While Rodriguez isn’t short on detractors, one major sports figure has spoken out against Major League Baseball and their treatment of Rodriguez.

At one time in line to purchase two MLB clubs, Dallas Mavericks owner Mark Cuban lambasted MLB and commissioner Bud Selig for essentially running the league like his “mafia.”

Cuban appeared on the "Tonight Show" on Thursday, and told Jay Leno and the world that while he thinks Rodriguez does deserve a suspension, he believes the league is taking things to a personal level.

"Horrible," Cuban said. "I think it's disgraceful what Major League Baseball is trying to do to him. Look, it's not that he doesn't deserve to be suspended. He does. They have policies in place: A first-time offender is 50 games, and a second time is 100. [Two hundred and eleven games], that's personal."

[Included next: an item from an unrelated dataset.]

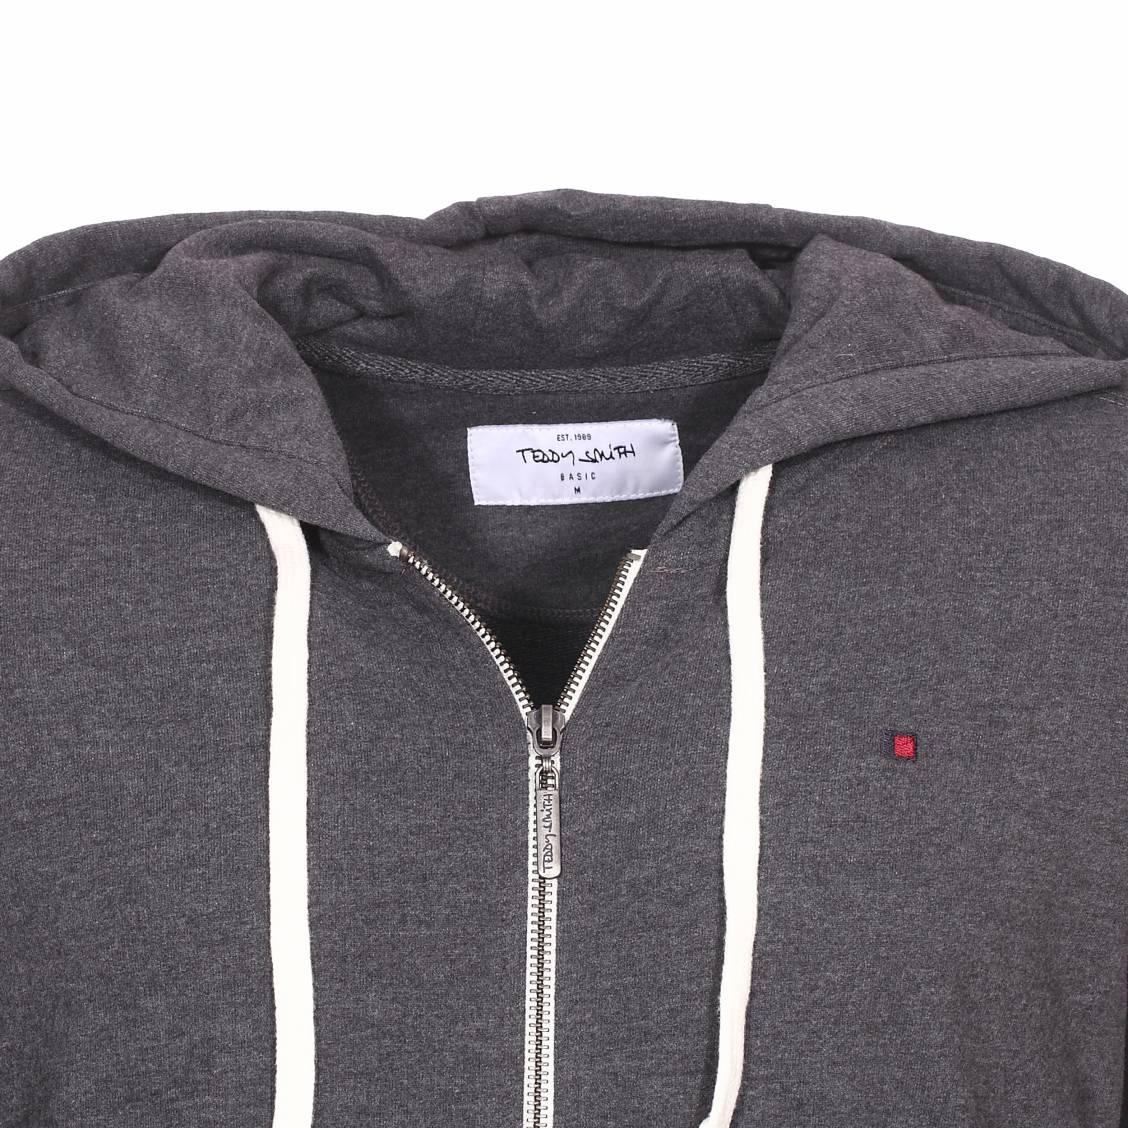 Sweat zippé à capuche Gelly 2 Teddy Smith en coton mélangé gris anthracite chiné | Rue Des Hommes

Cuban then spoke about his previous dealings with Selig and MLB when he tried to buy stakes in the Texas Rangers and the Chicago Cubs.

"I've got to tell you, with my experiences with Major League Baseball -- and after all of this, there's no chance I'm getting to buy a team -- it's basically become Bud Selig's mafia," Cuban said according to ESPN Dallas. "He runs it the way he wants to run it. They don't want me to own a team. When I was trying the buy the Rangers, even after the Cubs, when I was trying to buy the Texas Rangers, it was an open option.

"I sat in there with my good, hard-earned money trying to bid, and they did everything possible to keep me from buying the team. They had lawyers in there trying to change the rules; they had people trying to put up more money. It was horrible."

Leno suggested that perhaps the league was making an example of their top players, but Cuban disagreed.

"It shouldn't be that way," Cuban said. "That's one of the poor things about sports. How much money a player makes should have nothing to do with the way you treat them.

"The reality is the guy broke the rules. He basically admitted that he had broken the rules before. But to come out and try to give him a lifetime ban, that's just wrong."